Ces mots lourds, lucides, et apparemment sans appel, ont démarré une séance avec un patient dans mon cabinet du département 93: le Bronx de Paris. Un homme jeune, dont les yeux montraient une dureté plus mature.
Des mots qui étaient le signe d’un grand danger et, en même temps, la ligne de démarcation d’une vraie prise de conscience, d’un risque passé d’une façon ou d’une autre ainsi je me sentais de l’affronter avec une certaine sérénité.

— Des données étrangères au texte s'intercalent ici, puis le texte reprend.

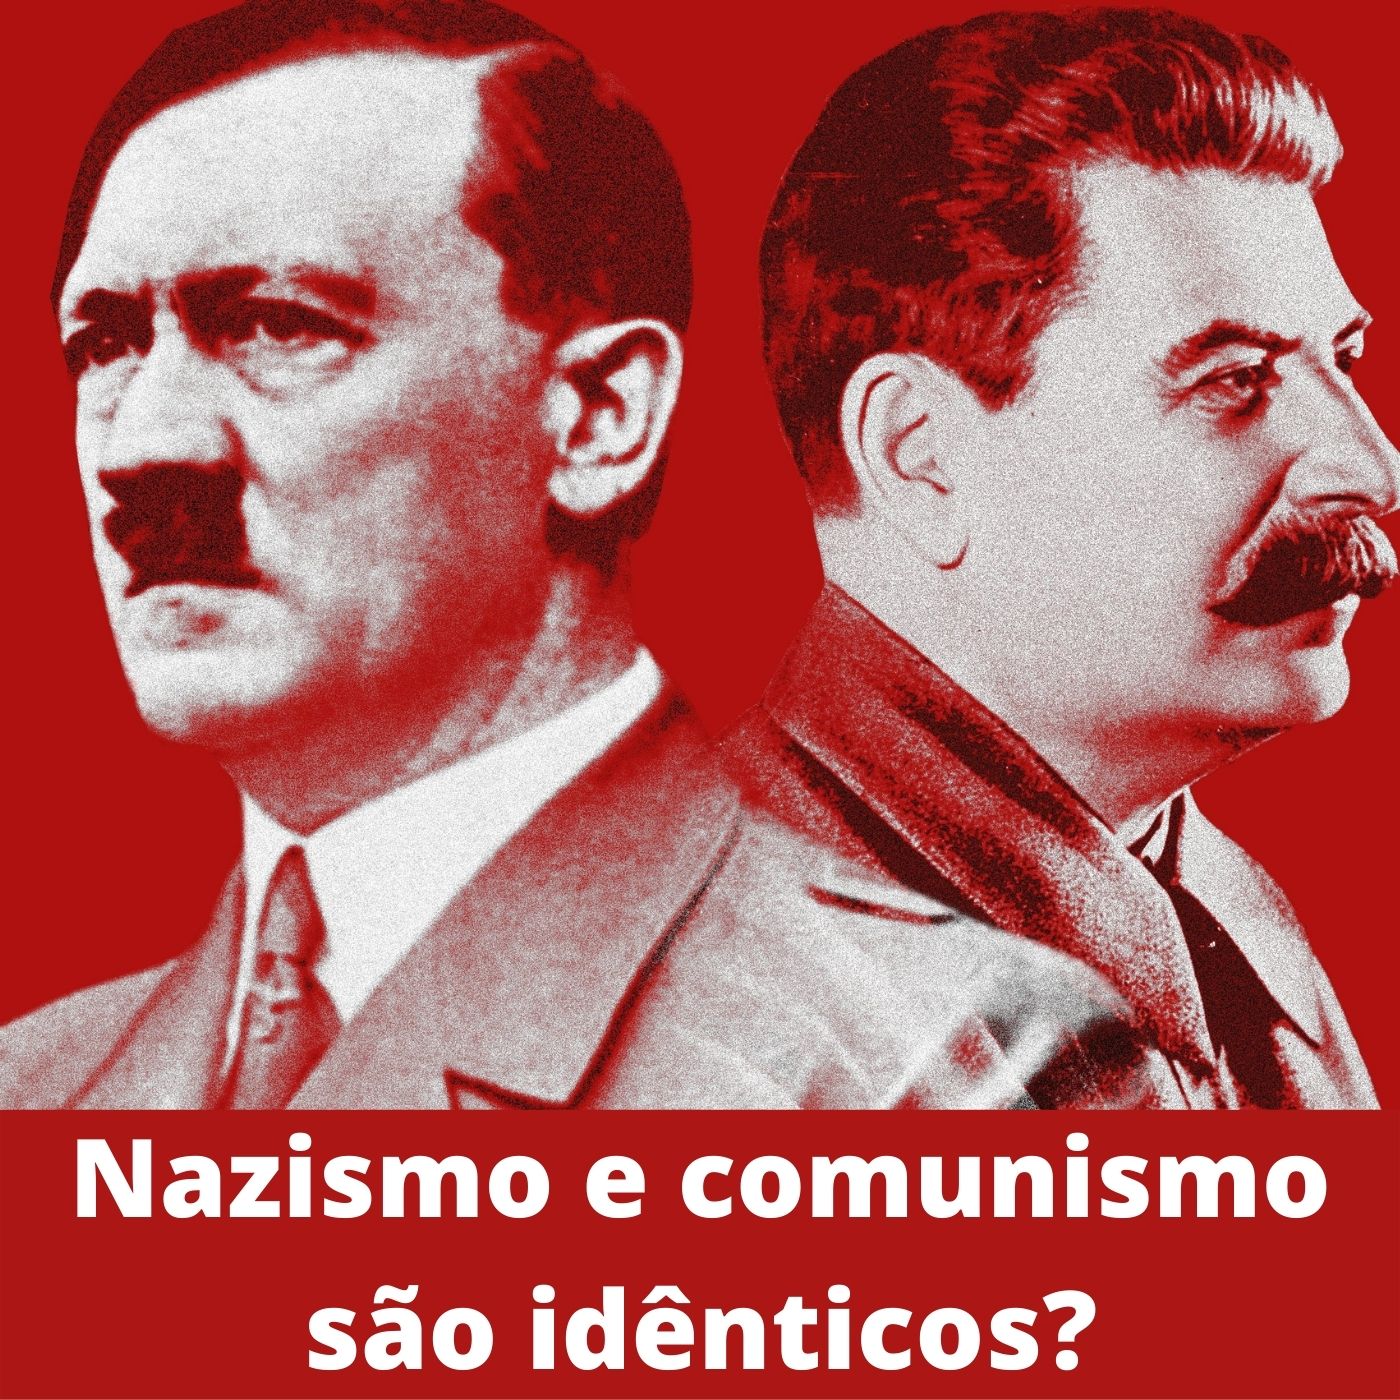 Nazismo e comunismo são iguais?

«J’aurais voulu faire payer ma souffrance, ma rage, dans un monde où j’aurais répondu à l’injustice par la vengeance – continuait Ahmed (nom changé par respect pour l’intimité du patient) – tentant de se libérer du poids de la violence dans laquelle il avait grandi – cette société se fonde sur l’injustice, sur le principe de laisser les derniers toujours en dernier, de ne jamais donner la possibilité de se racheter, alors on devient victime de soi-même et la moindre des choses que tu peux faire est de t’abandonner. Il y en a qui le font par les drogues, d’autres avec l’alcool, moi, comme musulman, je le fais par la nourriture, en mangeant dans un très court laps de temps 1 kilo d’épinards surgelés et 8 hamburgers de premier prix».
Voilà le portrait de l’homme que j’avais devant moi, un homme en souffrance qui avait fait le choix le plus important de sa vie : se tenir devant un thérapeute pour trouver le bon moyen de sortir de sa haine et de son mal-être.
Il l’avait fait avec conviction, en choisissant un professionnel privé plutôt qu’une structure sociale publique ; un élément qui en soi reflétait à la fois une importante détermination et un manque de confiance dans la société et dans sa capacité à lui pouvoir l’aider.
Ahmed n’avait pas eu l’opportunité de poursuivre ses études, et, comme beaucoup d’enfants d’immigrés de la 3ième génération, bien que né en France, il vit encore entre deux mondes séparés par une profonde fracture culturelle.
Il eut une enfance désorganisée et difficile, avec des parents eux-mêmes enfants d’émigrés maghrébins ayant vécu l’important décalage culturel et social des deux sociétés d’appartenance comme un trauma banalisé, une évidence, qui vivaient ce sentiment de malaise comme une maltraitance sociale qu’ils déversaient inexorablement en famille.
Ainsi, sans s’en rendre compte, il s’est retrouvé sur un chemin où la haine n’est que la manifestation finale d’une rage accumulée au fil des jours, copieusement nourrie par les injustices familiales et sociales quotidiennes et par un contexte vide d’appartenance : un malaise transgénérationnel.
Un autre de ses mots m’a marqué, qui exprimait l’effort énorme et la force extraordinaire que ce grand garçon utilisait dans un des parcours évolutifs les plus complexe, celui du changement : «Madame, il est difficile d’évoluer seul, tellement injuste d’être toujours attaqué, de ne pas réussir à s’exprimer soi-même, d’être dans la contrainte quotidien de devoir lutter contre une société qui élève constamment le niveau de difficulté, où la bureaucratie complique tout et où on se fatigue au point que les principes… ne me parlent plus, même plus ceux du Coran !»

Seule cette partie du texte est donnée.